I also took no record of the time that elapsed because it is irrelevant to the issue, which is that in these circumstances no obstruction of an MP was justified in the least. I am happy to say for the record, if it matters to some, that it lasted no longer than the time taken for the events and the conversation just described to transpire, almost certainly less than a minute.
As for precedents, as you know, Mr. Speaker, the second edition of the House of Commons Procedure and Practice states the following:
In circumstances where Members claim to be physically obstructed, impeded, interfered with or intimidated in the performance of their parliamentary functions, the Speaker is apt to find that a prima facie breach of privilege has occurred.
Having reminded you of something that you do not need to be reminded of, Mr.

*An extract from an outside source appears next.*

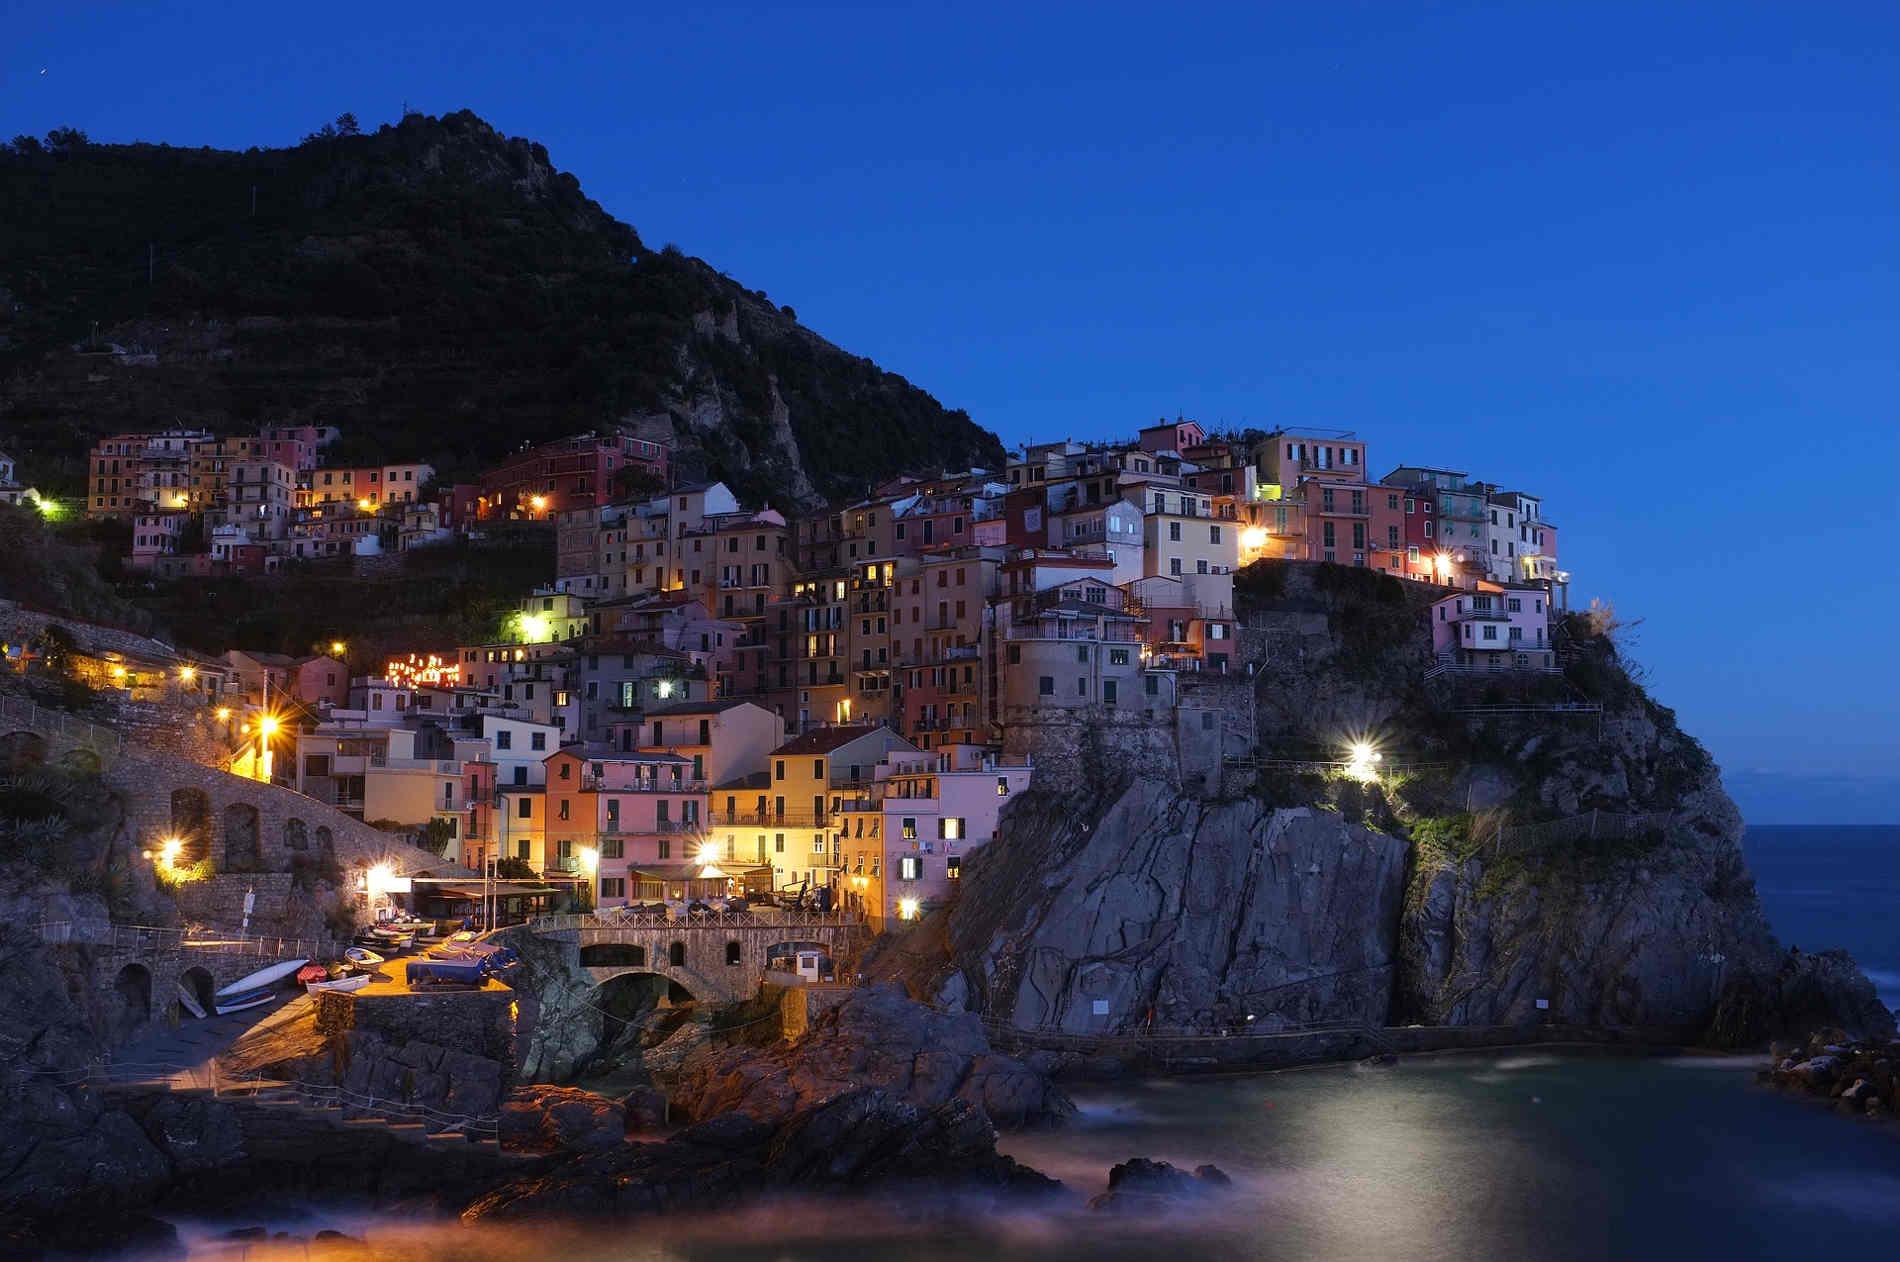 Panorami alle 5 Terre in Liguria Siti Unesco in Italia

Speaker, I am sure I will save the House's time by adopting by reference all of the authorities cited and argued by my colleague, the member for Skeena—Bulkley Valley, in his question of privilege on April 30. Hansard will, of course, have those arguments in full for the Speaker to consult.
In conclusion, Mr. Speaker, I would ask you to consider my question of privilege and the facts I have just related to the House. I believe you will find that my privilege was breached and that I was prevented from carrying out my functions as an elected member of the House of Commons. If you find that there was a prima facie breach of my privileges as a member, I am prepared to move the appropriate motion.